-- DATA RECORDS follows --

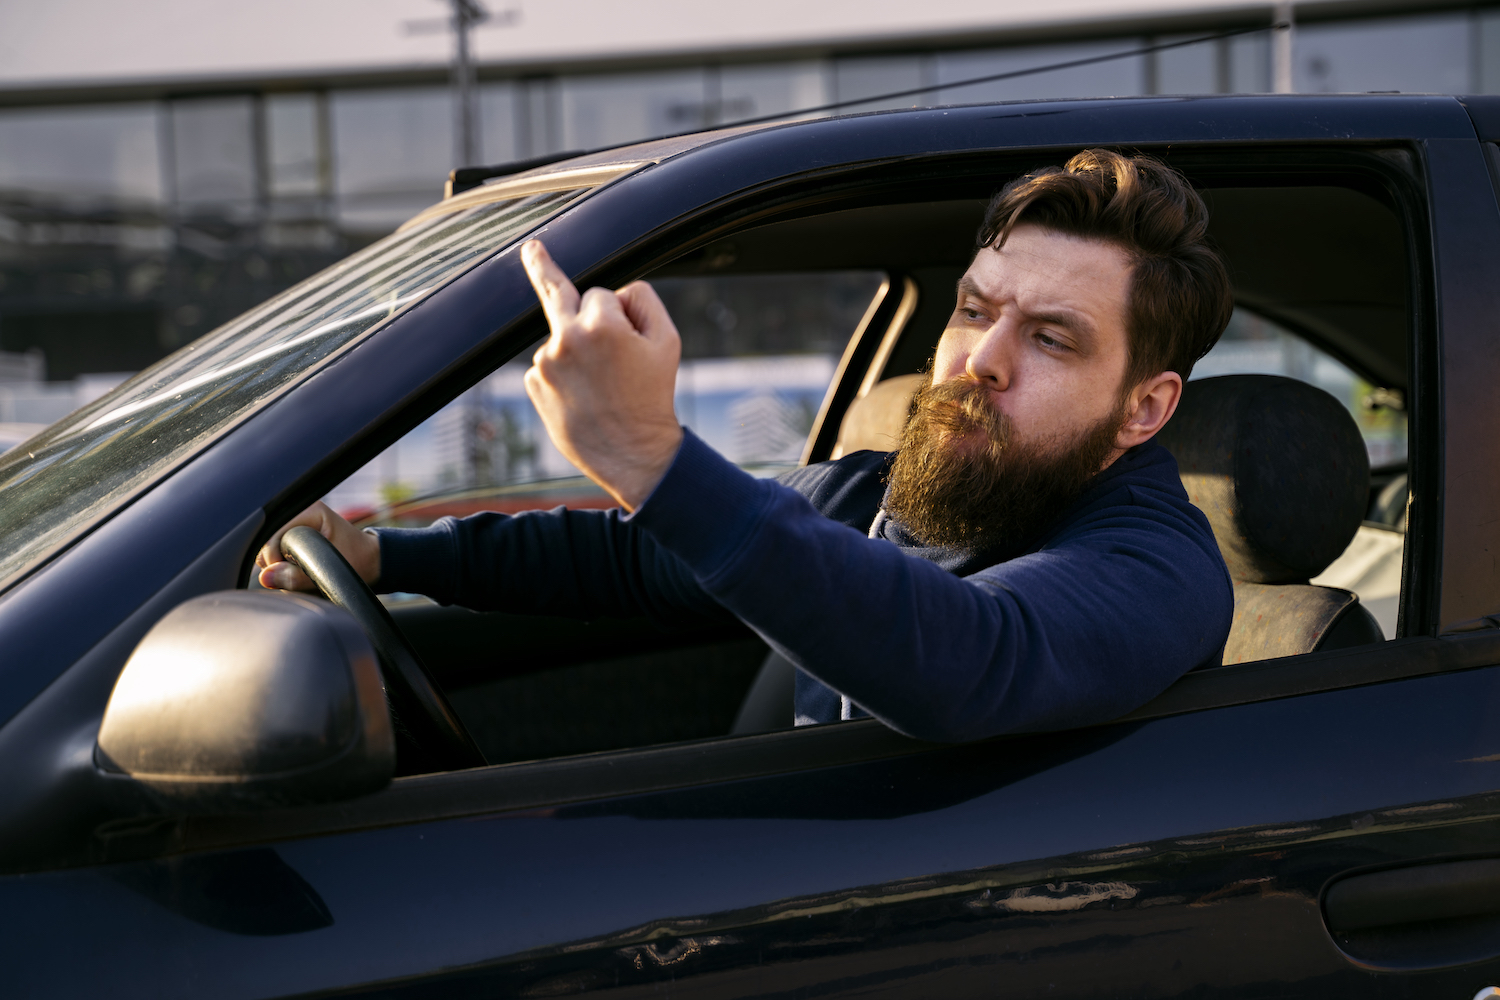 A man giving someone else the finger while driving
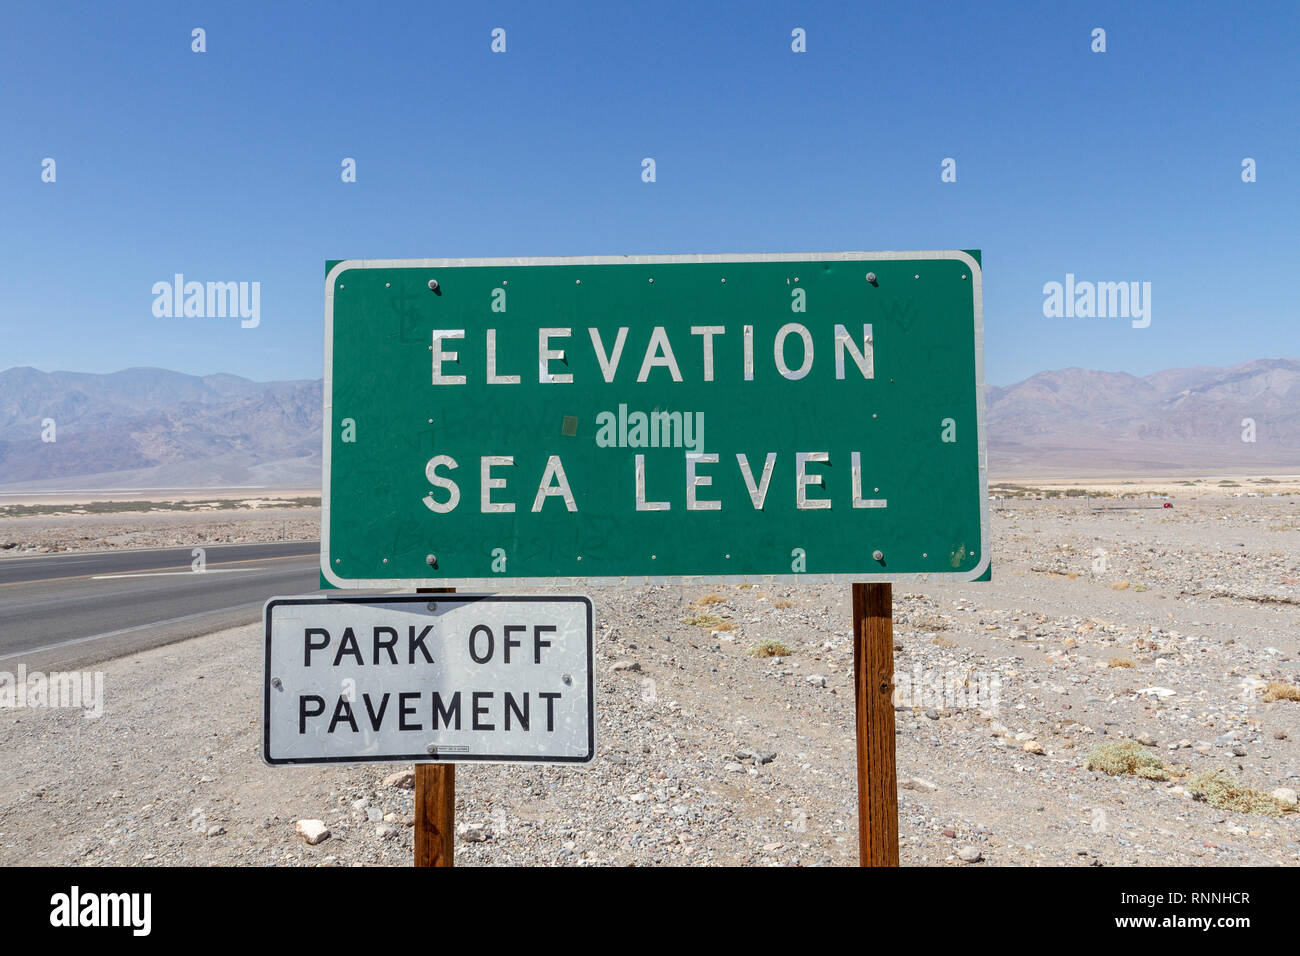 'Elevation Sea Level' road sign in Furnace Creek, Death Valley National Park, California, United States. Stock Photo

-- DATA RECORDS concluded --
-- DATA RECORDS follows --

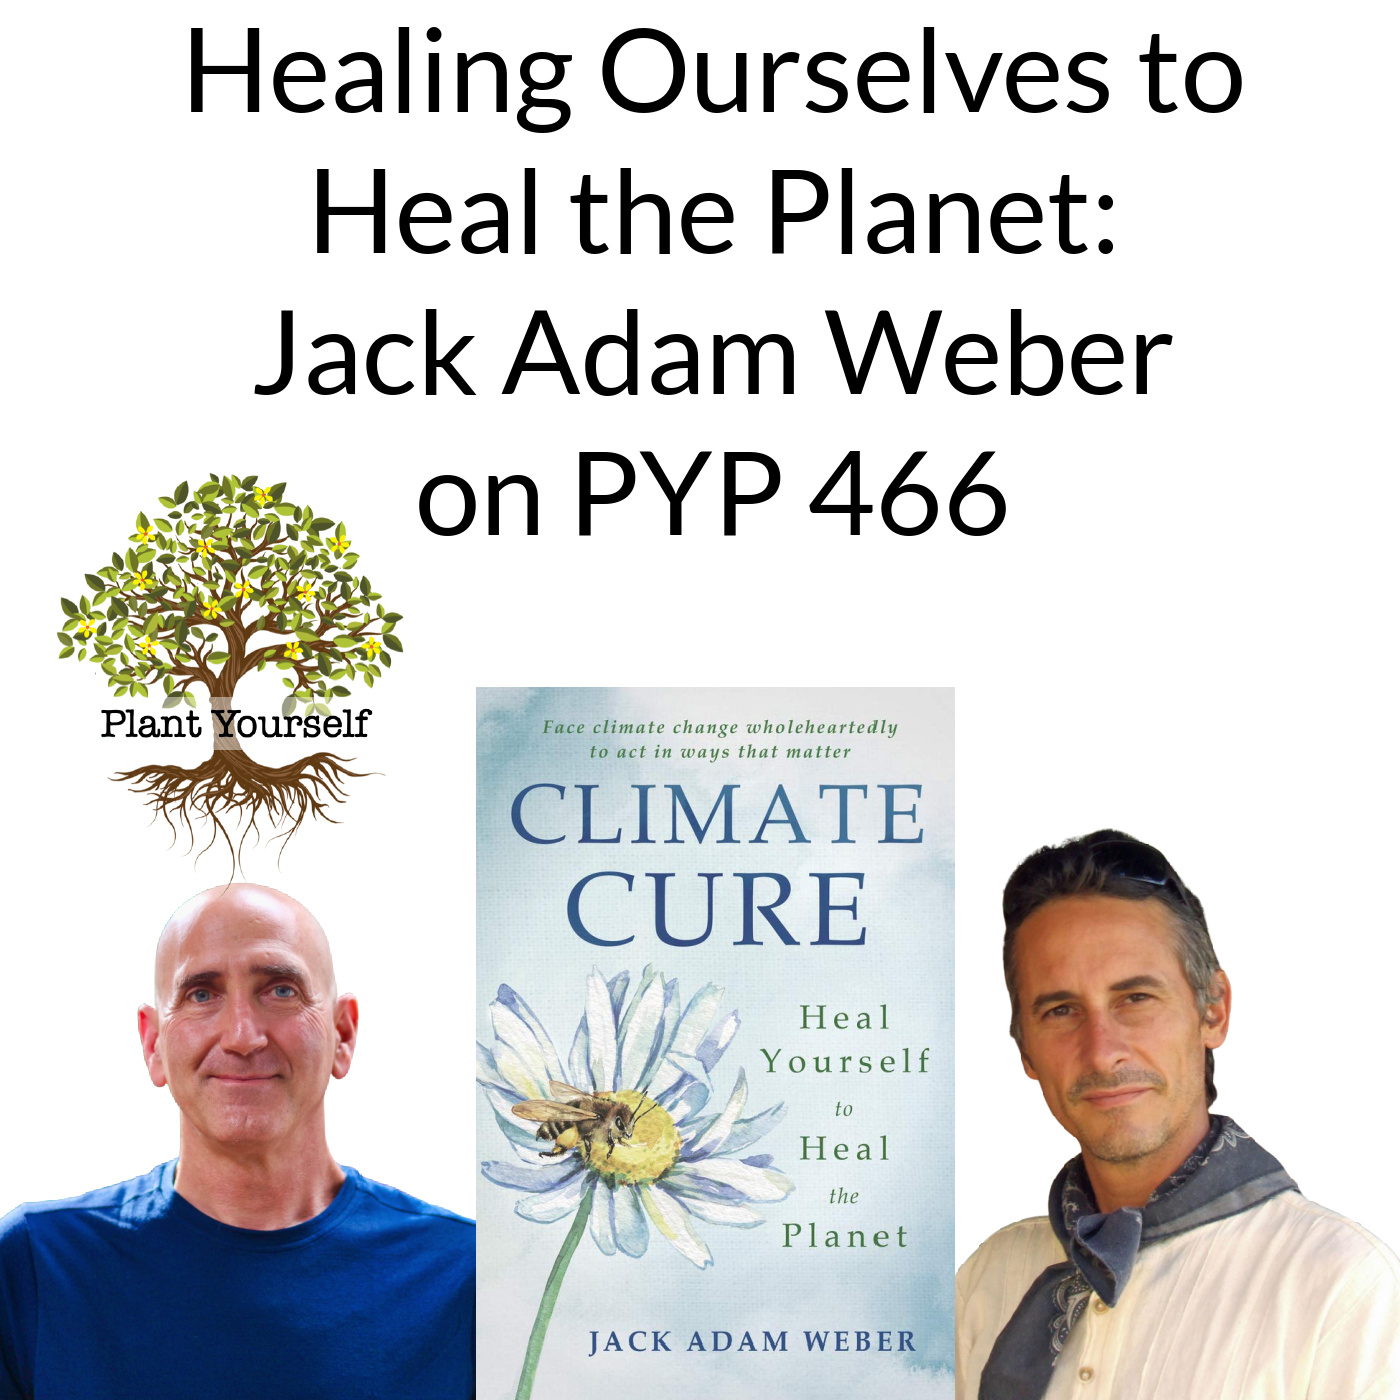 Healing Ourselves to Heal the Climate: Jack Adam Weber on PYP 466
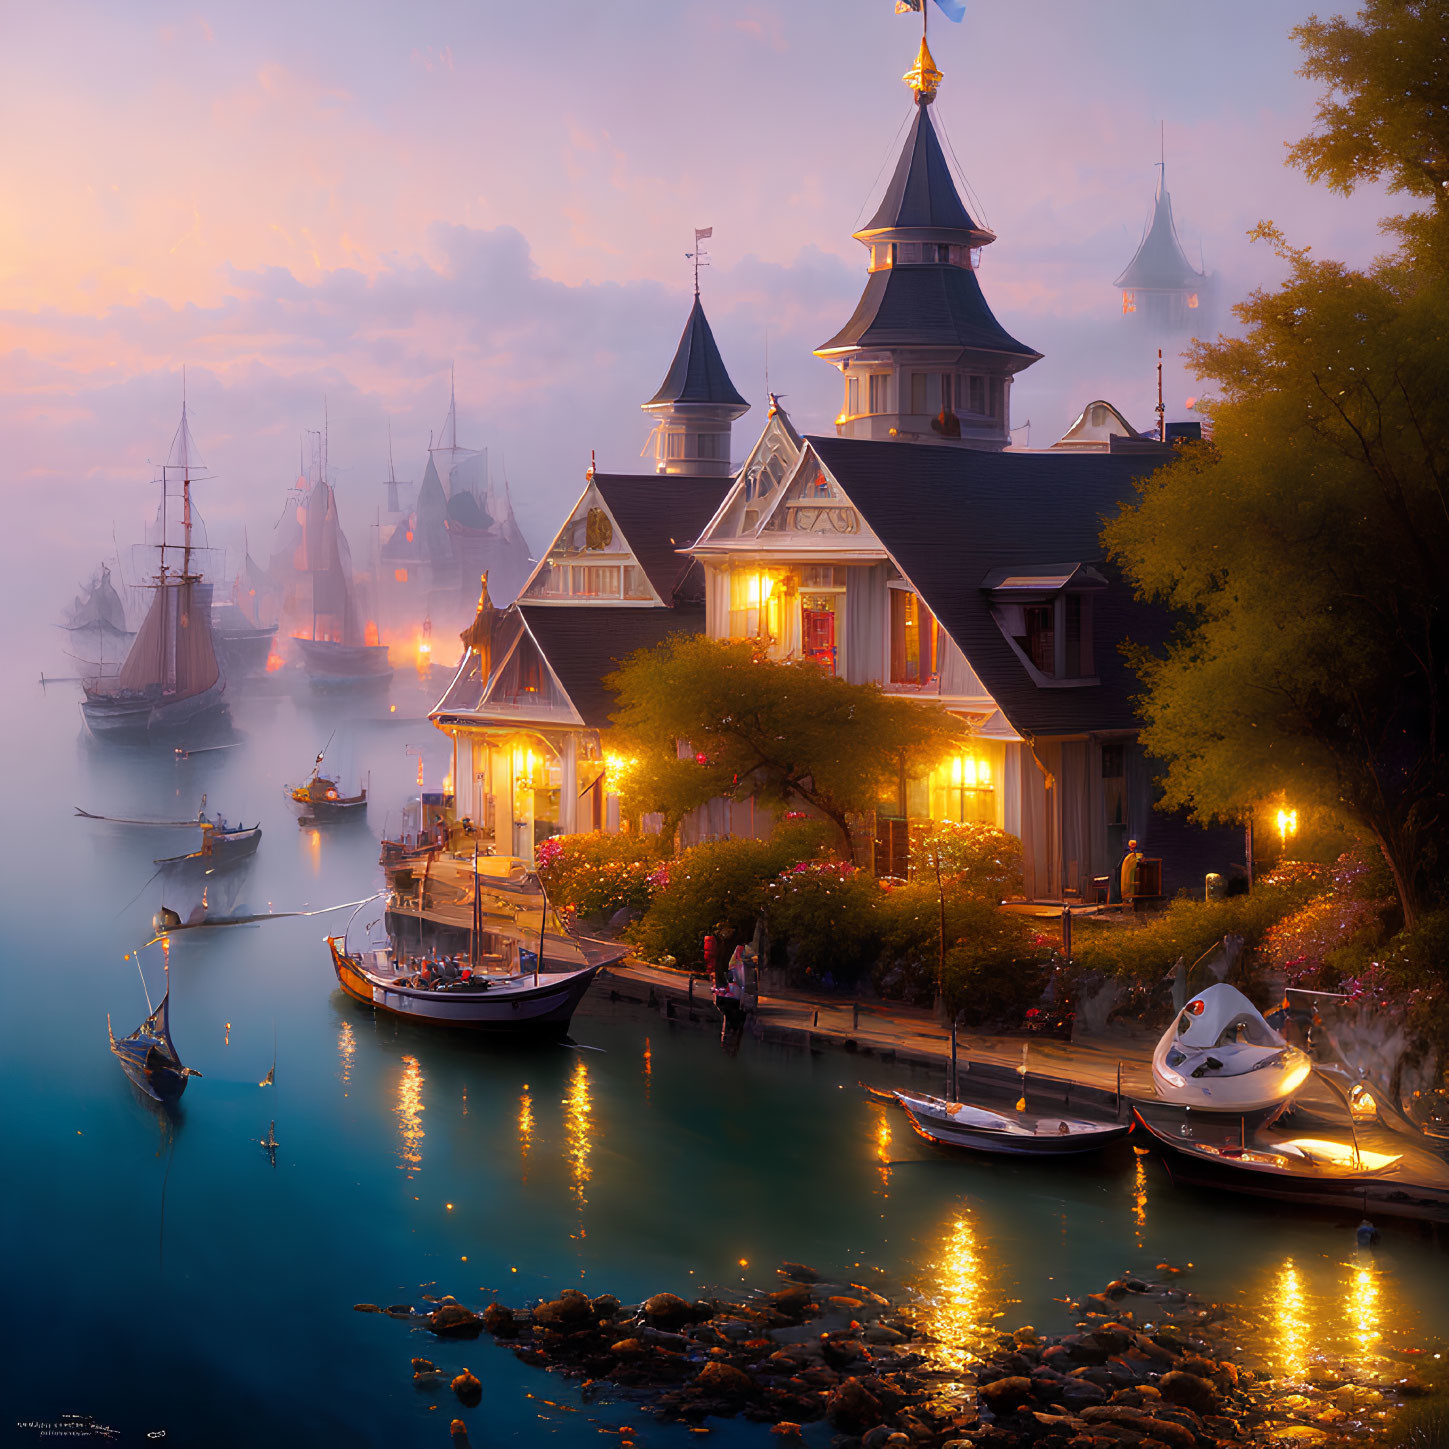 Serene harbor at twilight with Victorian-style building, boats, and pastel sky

-- DATA RECORDS concluded --

> _WHAT TO WORK ON_
Nothing except the lines from the one containing "A man giving" through the one containing "States. Stock Photo" should appear in the answer, exactly as above and without pictures.

> _PROBLEM SOLUTION_
 A man giving someone else the finger while driving
 'Elevation Sea Level' road sign in Furnace Creek, Death Valley National Park, California, United States. Stock Photo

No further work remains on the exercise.